The online server DBS-Pred provides two types of predictions. First, it calculates the residue composition in a given sequence and then makes the prediction about its likelihood to bind DNA, as described in methods' section. Next step of prediction pertains to the probable locations of binding sites at user's choice of sensitivity. Training all the available data for a sufficiently long time and using different biases in the error function produced network weights for both these predictions. The use if a biased error function during neural network training enabled us to provide three levels of sensitivity in the prediction of binding sites. Online predictions, for example, may be made at a high sensitivity, which will be useful in eliminating highly unlikely binding sites. Default predictions of binding sites have been allowed to bias towards over predictions, whereas a third level of predictions is provided which is stricter in predictions.

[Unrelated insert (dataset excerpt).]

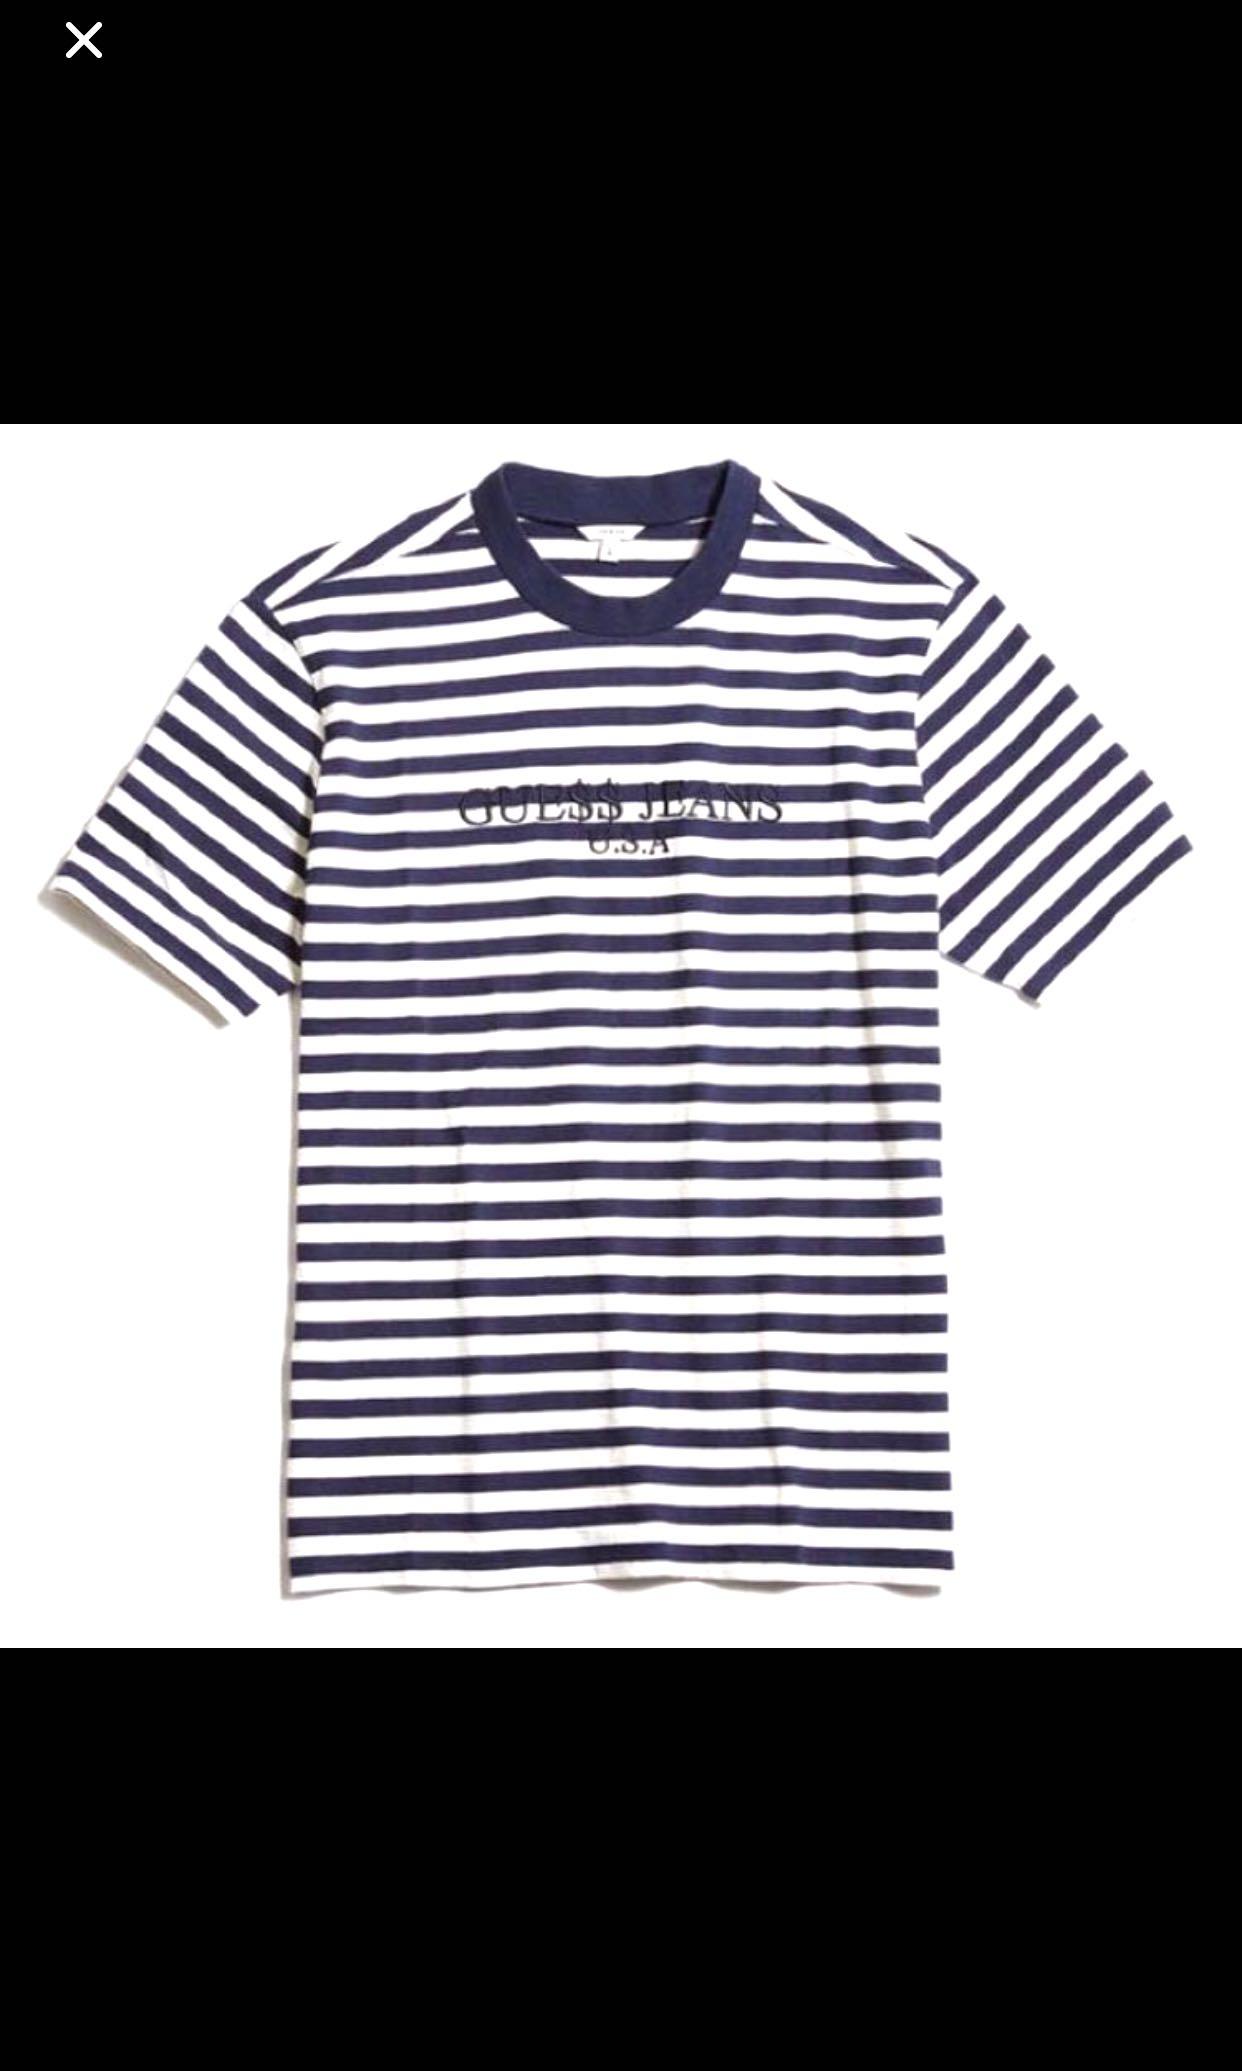 649be15543 GUESS X ASAP A$AP ROCKY STRIPE NAVY, Men's Fashion, Clothes, Tops on ...
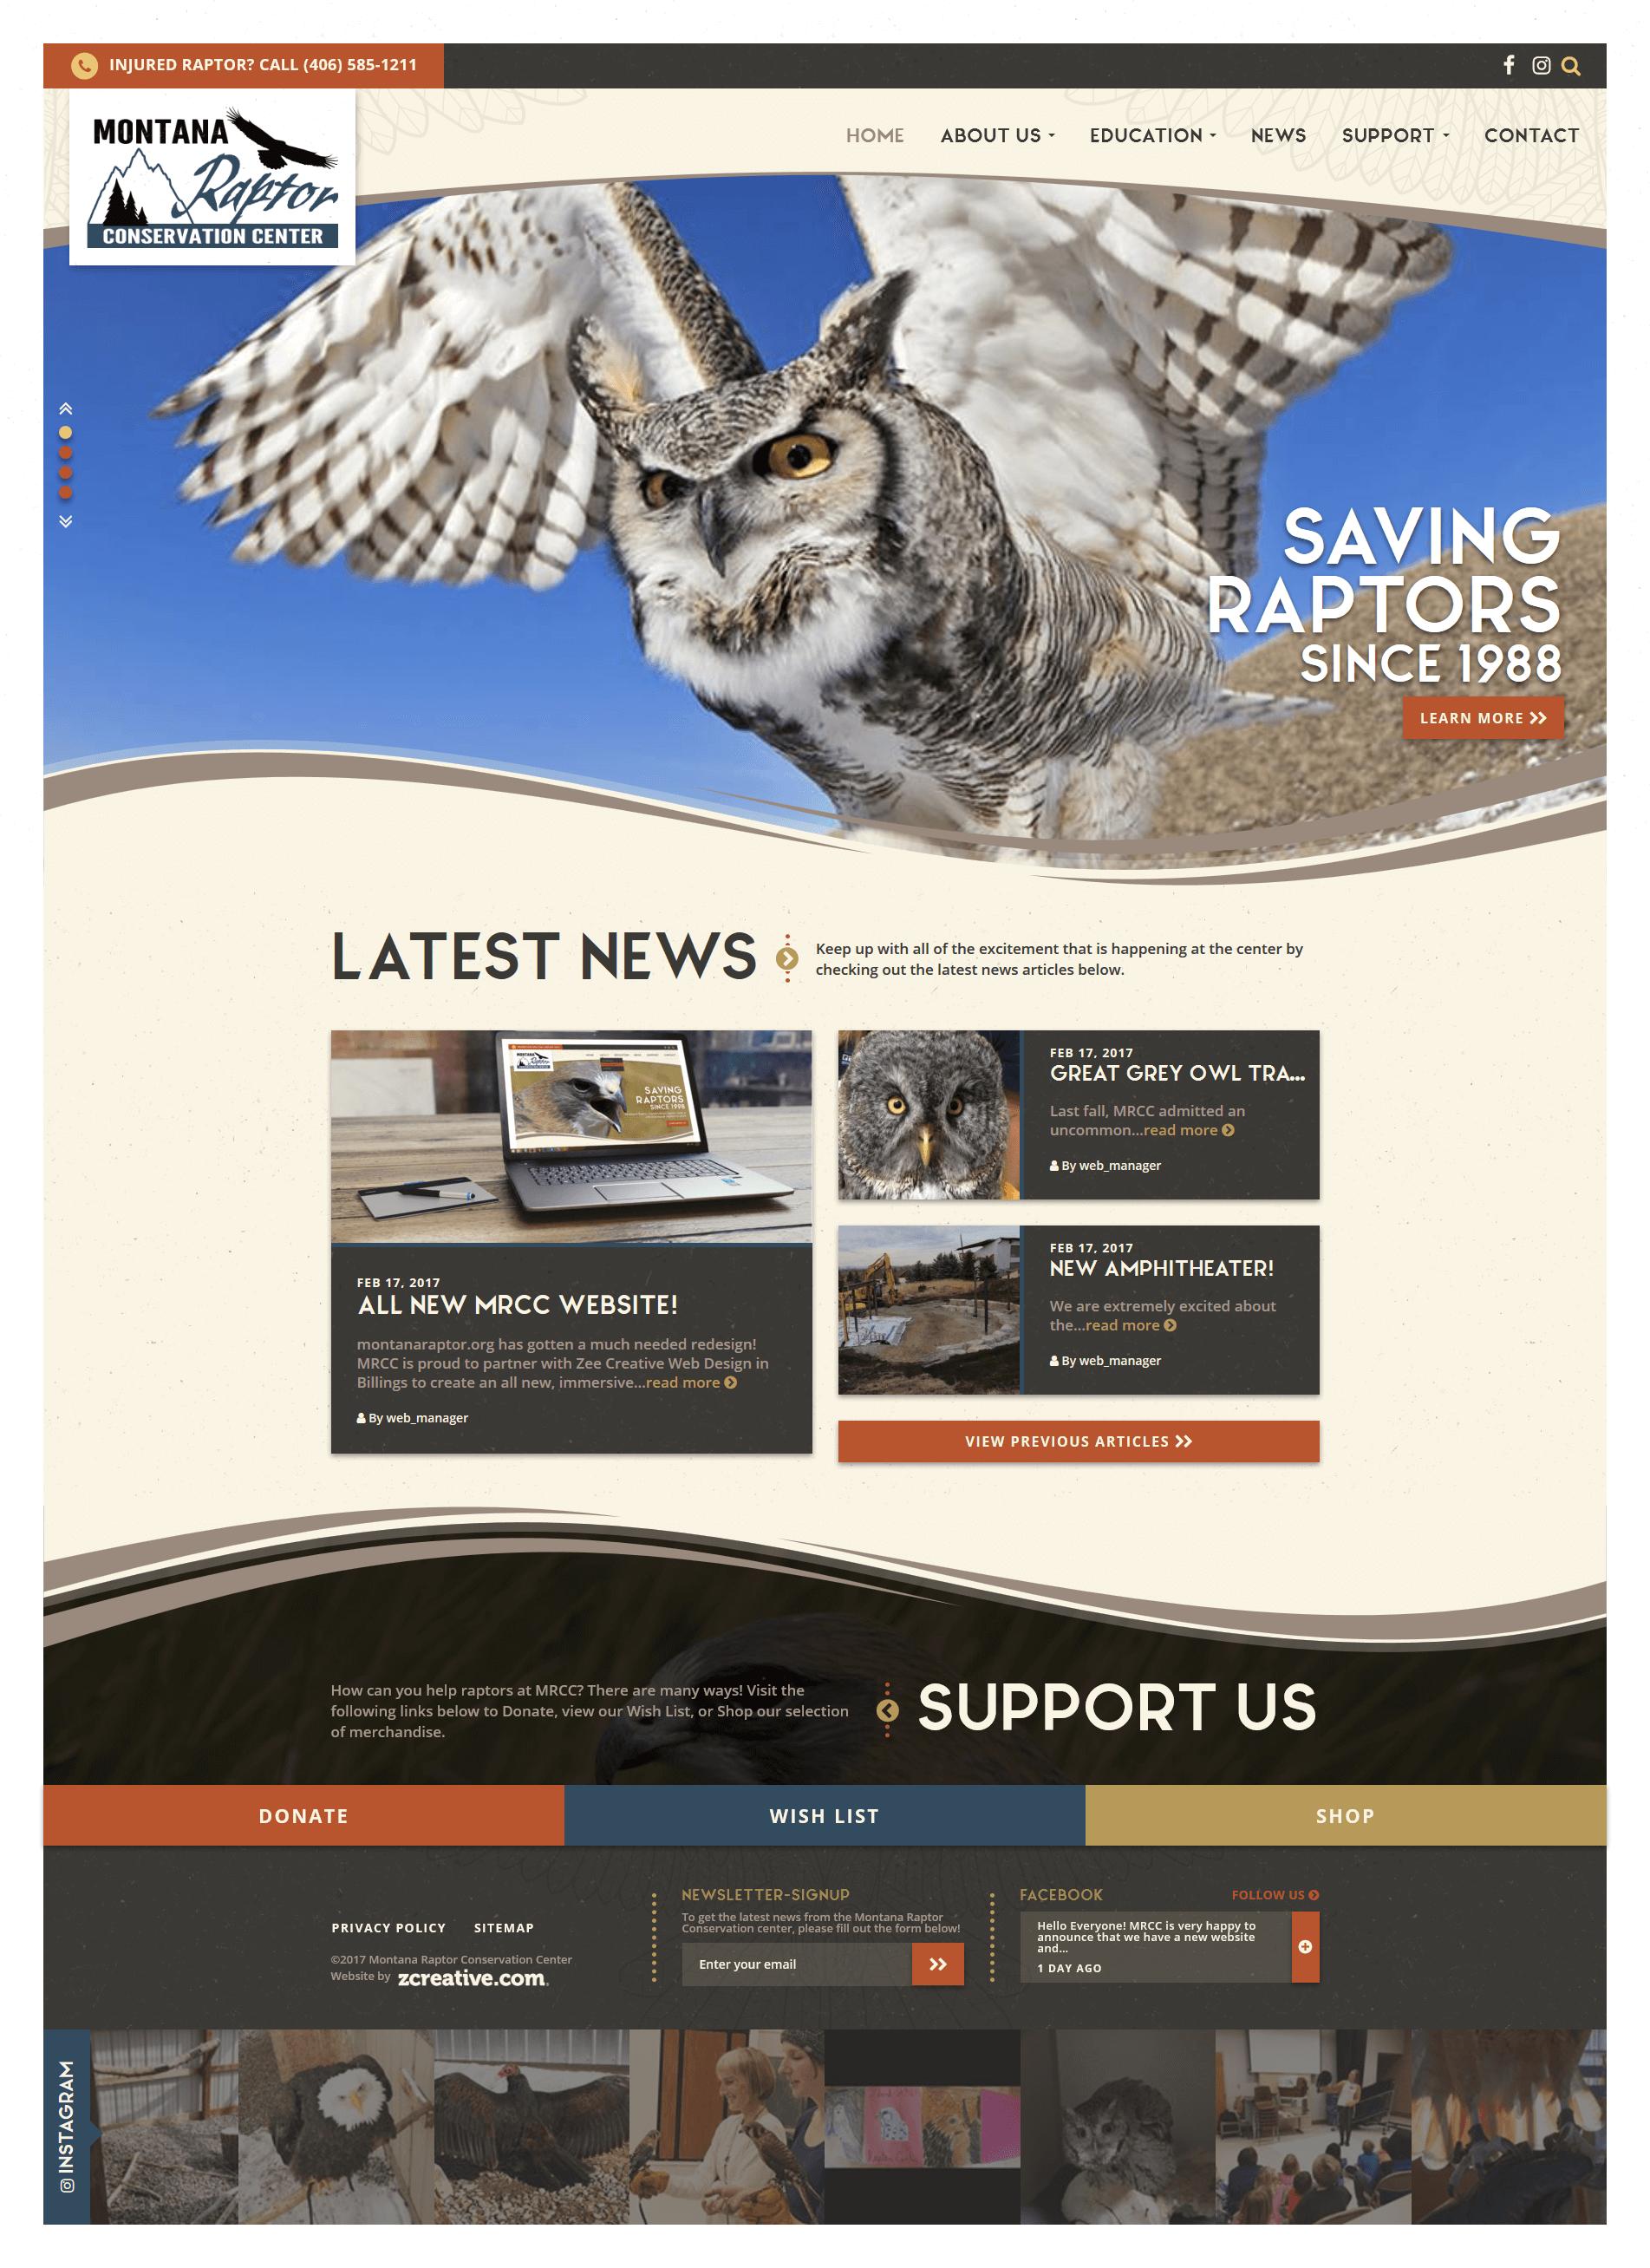 Montana Raptor Conservation Center Wordpress Website Design Creative Web Design Conservation

Prediction accuracy scores of binding sites in sensitive, medium and strict-level for the whole data of 62 proteins are presented in Table 1. Prediction of binding sites using this option will return only the sites with high probability to bind and may miss a significant number of sites. It may be noted that this method of online predictions will be useful when no significant homology of the binding proteins is observed with any DNA-binding protein sequence. Probabilities of DNA-binding, obtained by this predictor for the 62 sequences used in this paper have been provided in the website, which would enable a users to estimate the degree of confidence in their predictions. On the second level of prediction, amino acid composition of proteins has been used as the main feature, determining binding. Neural networks trained to separate nearly 1000 DNA-binding proteins from a control data of size nearly three times this, we could obtain a prediction of probability of DNA-binding for a given amino acid sequence. If proteins with more thatn 50% probability of binding were to be designated DNA-binding proteins, we obtained accuracy scores for this data set, presented in Table 2.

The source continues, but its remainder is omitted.